Thursday, April 8, 2010

EC Applies The Finishing Touches

Workers Uniting Group Supporters on the Unite EC have agreed to publish this statement on the Workers Uniting Group Website.

The proposal to be put to the Special Rules Conference in June - to follow the 2010 Policy Conference for the formation of the next EC has completed the outstanding decisions to be made to fully implement the Unite rulebook.

The Regional Committees, Equality Committees, Area Activist Committees and Regional and National Industrial Committees are all in place. The Political structures are already showing their worth in the run up to the General Election. Increasingly more and more activists are participating in our global union, Workers Uniting.

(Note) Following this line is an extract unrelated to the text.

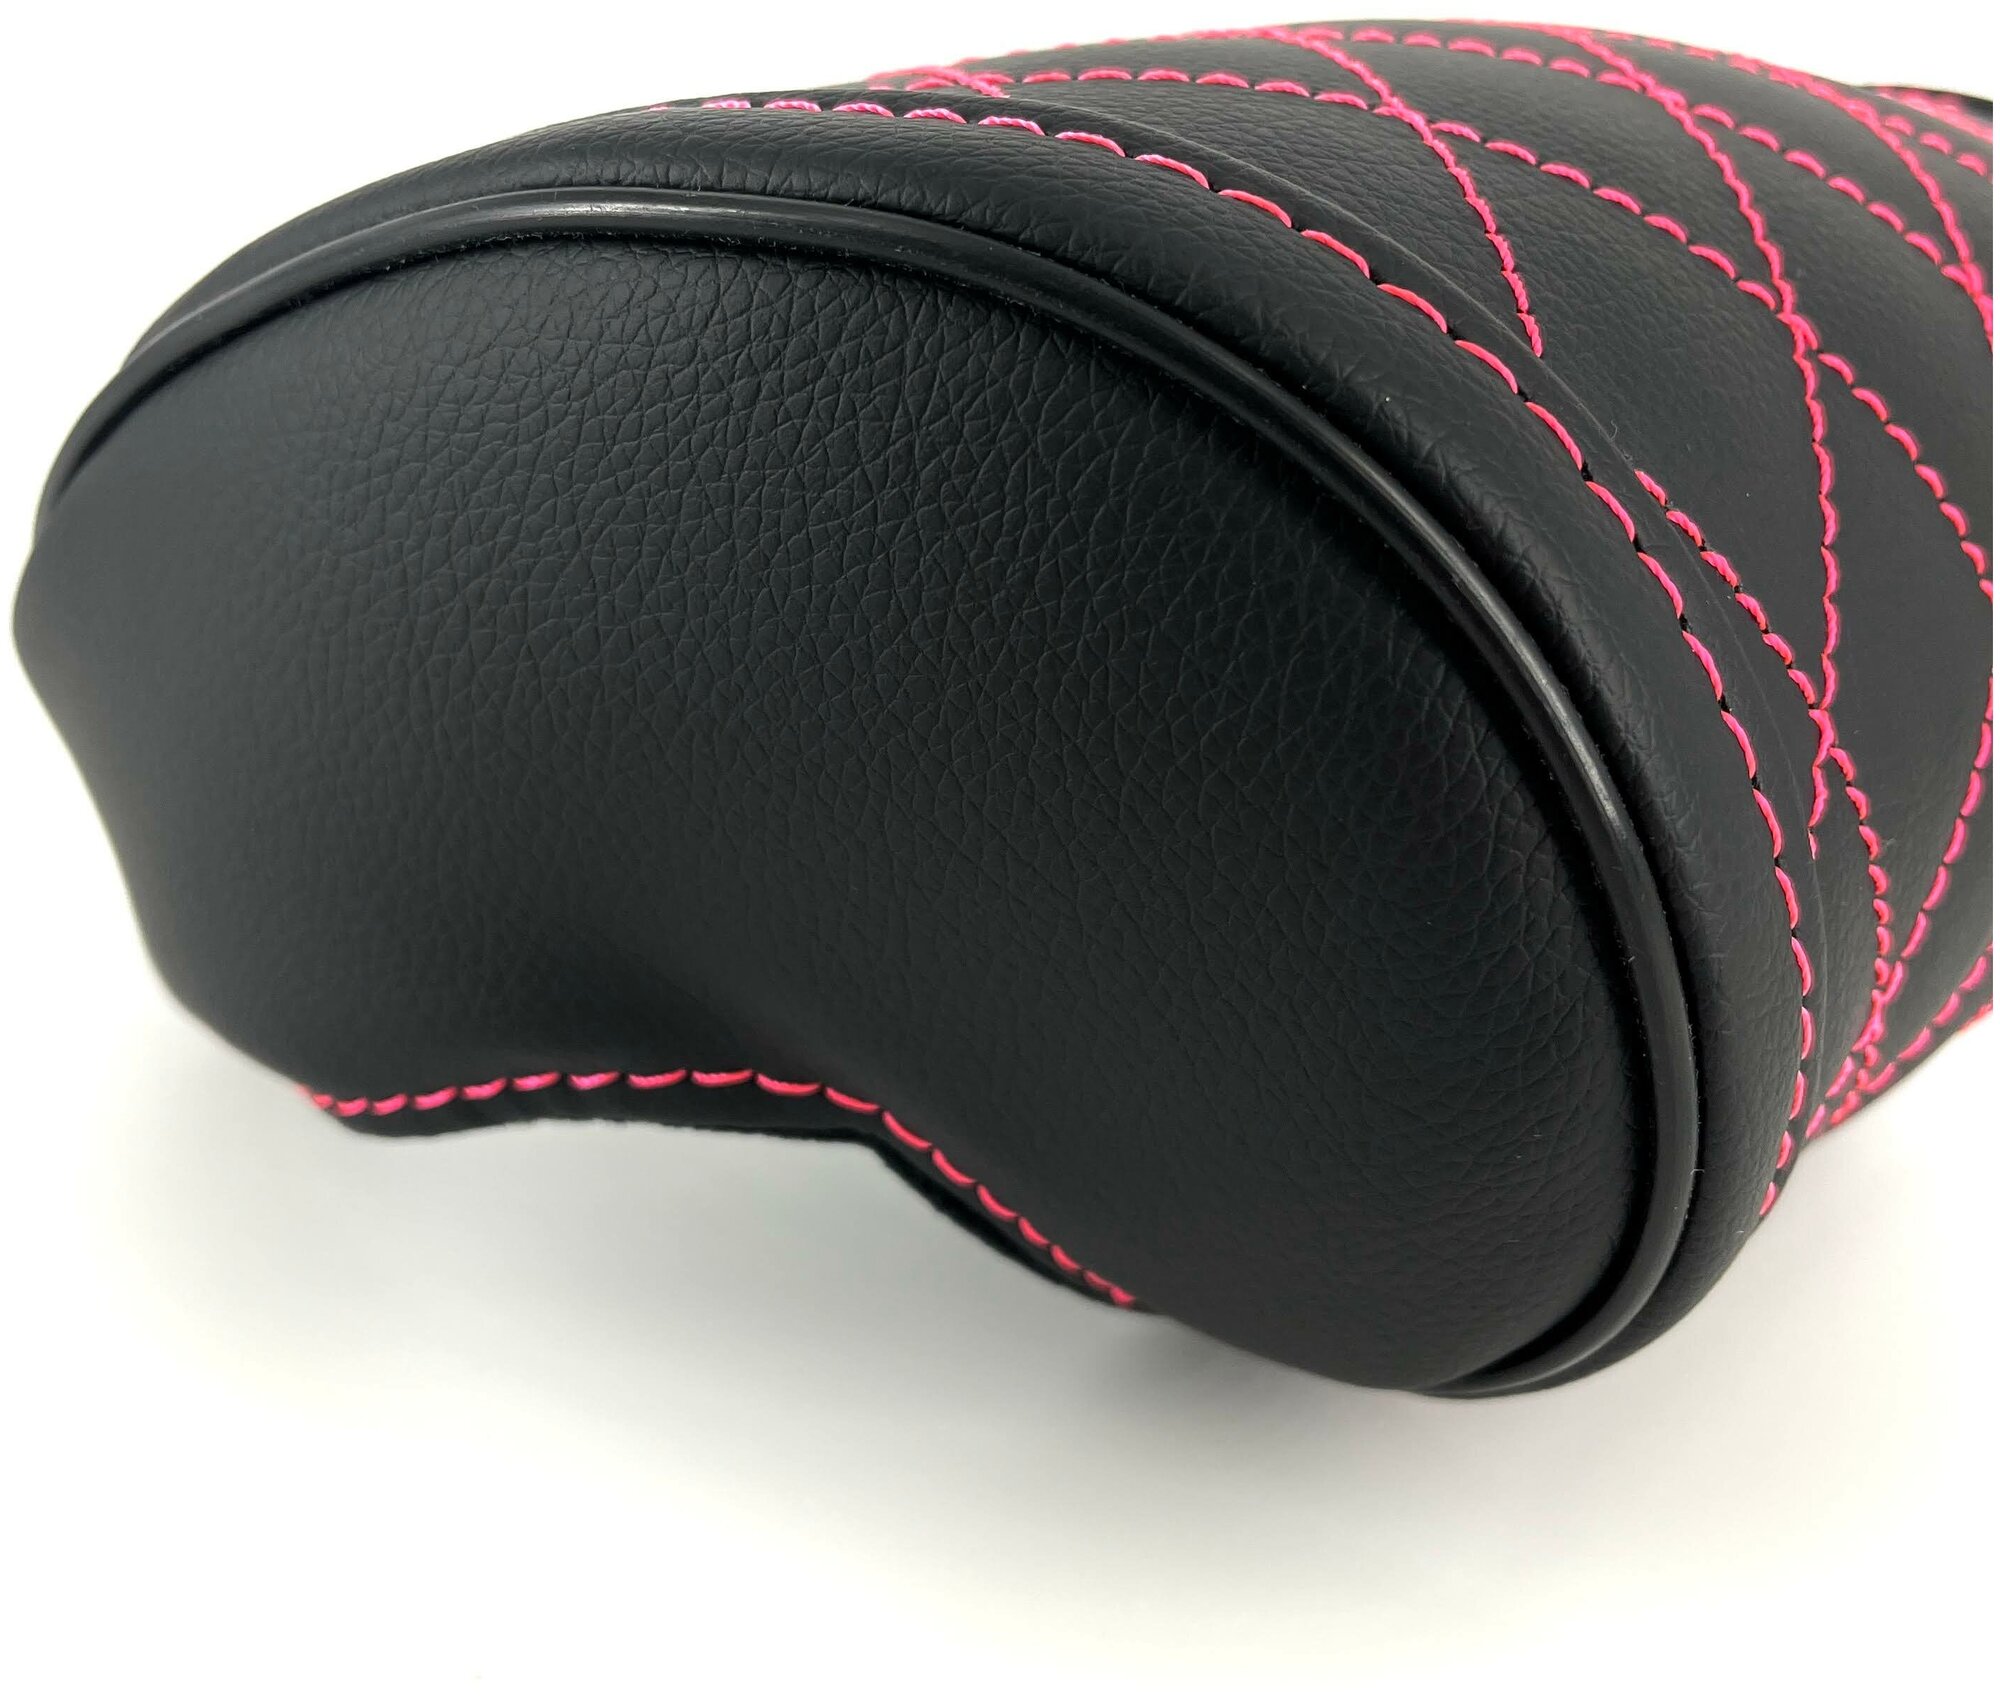 Черная автомобильная ортопедическая подушка для шеи на подголовник на сиденье с ромбами розового цвета Экокожа премиум класса

Thousands of activists are now taking part in the lay decision making processes of the union. All (or should be) qualified under Rule 6 as working representatives of members. The new expenses regime whereby activists neither gain nor lose through their activity is having an impact in cleaning up the committees and opening up opportunities for new reps to fill the places of the ‘committee-men/women.’

All the delegates to Policy and Rules Conference will be (or should be) Rule 6 compliant, properly expensed and will have the ultimate say on union policy and determine the make-up of their next Executive Council.

The EC proposal will be put to the Special Rules Conference for either endorsement or rejection.

There will be no amendments taken at the Conference. The reason is that the rulebook largely prescribes the make-up of the EC though not the numbers. There has to be a balance between sectors and regions and proportionality for both Women and BAEM seats and proportionality of membership representation from both the sectors and the regions.

In essence if you modify one part of the equation you have to make consequential amendments elsewhere.

This will give an EC of 64 members, still slightly high, but significantly down from the current 80. The dominance of the industrial sectors makes the future executive consistent with the rest of the structures of the union. This, along with Rule 6, will make for the most representative lay leadership of any trade union in the world.

Previous EC decisions to separate the delegates to conference, all from the RISC’s and the resolutions from all of the constitutional bodies, which includes 9000 branches, leaves a tricky situation as far as ownership of conference resolutions and compositing and speaking arrangements are concerned.

On this occasion tribalism defeated the normally sound rationale thrashed out from the former sections to defeat the proposal to ‘filter’ the resolutions through the national and regional constitutional committees, which would have established clear ownership and capped the number of resolutions.

The net effect of this was that the March EC had no alternative but to decide that on this occasion there could be no amendments to resolutions due to time constraints of recalling all the committees before the Conference.

Nevertheless the common sense of the lay delegates will overcome the shortcomings, though supporters of ‘super lay democracy’ will need to reflect on the follies of their idealism as the reality is that the most powerful body at this conference will be the Standing Orders Committee and those that run it!

Policy conference should establish Unite as the most progressive union in the UK and Ireland and should the Rules Conference accept the proposal for the next EC, Unite will establish itself as the most democratic, genuinely lay member led trade union in the world.

With sound, sensible and visionary leadership at the top, this union can go on to achieve all of the things that drove us forward in the merger talks. Despite harrowing moments on the way, those who fought, sometimes from a majority but more often a minority position, can be proud of what we are about to achieve.

A trade union that is capable of challenging the Global corporations that are currently running riot across the whole world and play a key role in politics in the UK and Ireland.
Having completed and determined the rulebook there is now no reason for this EC to continue. It has completed its historic task.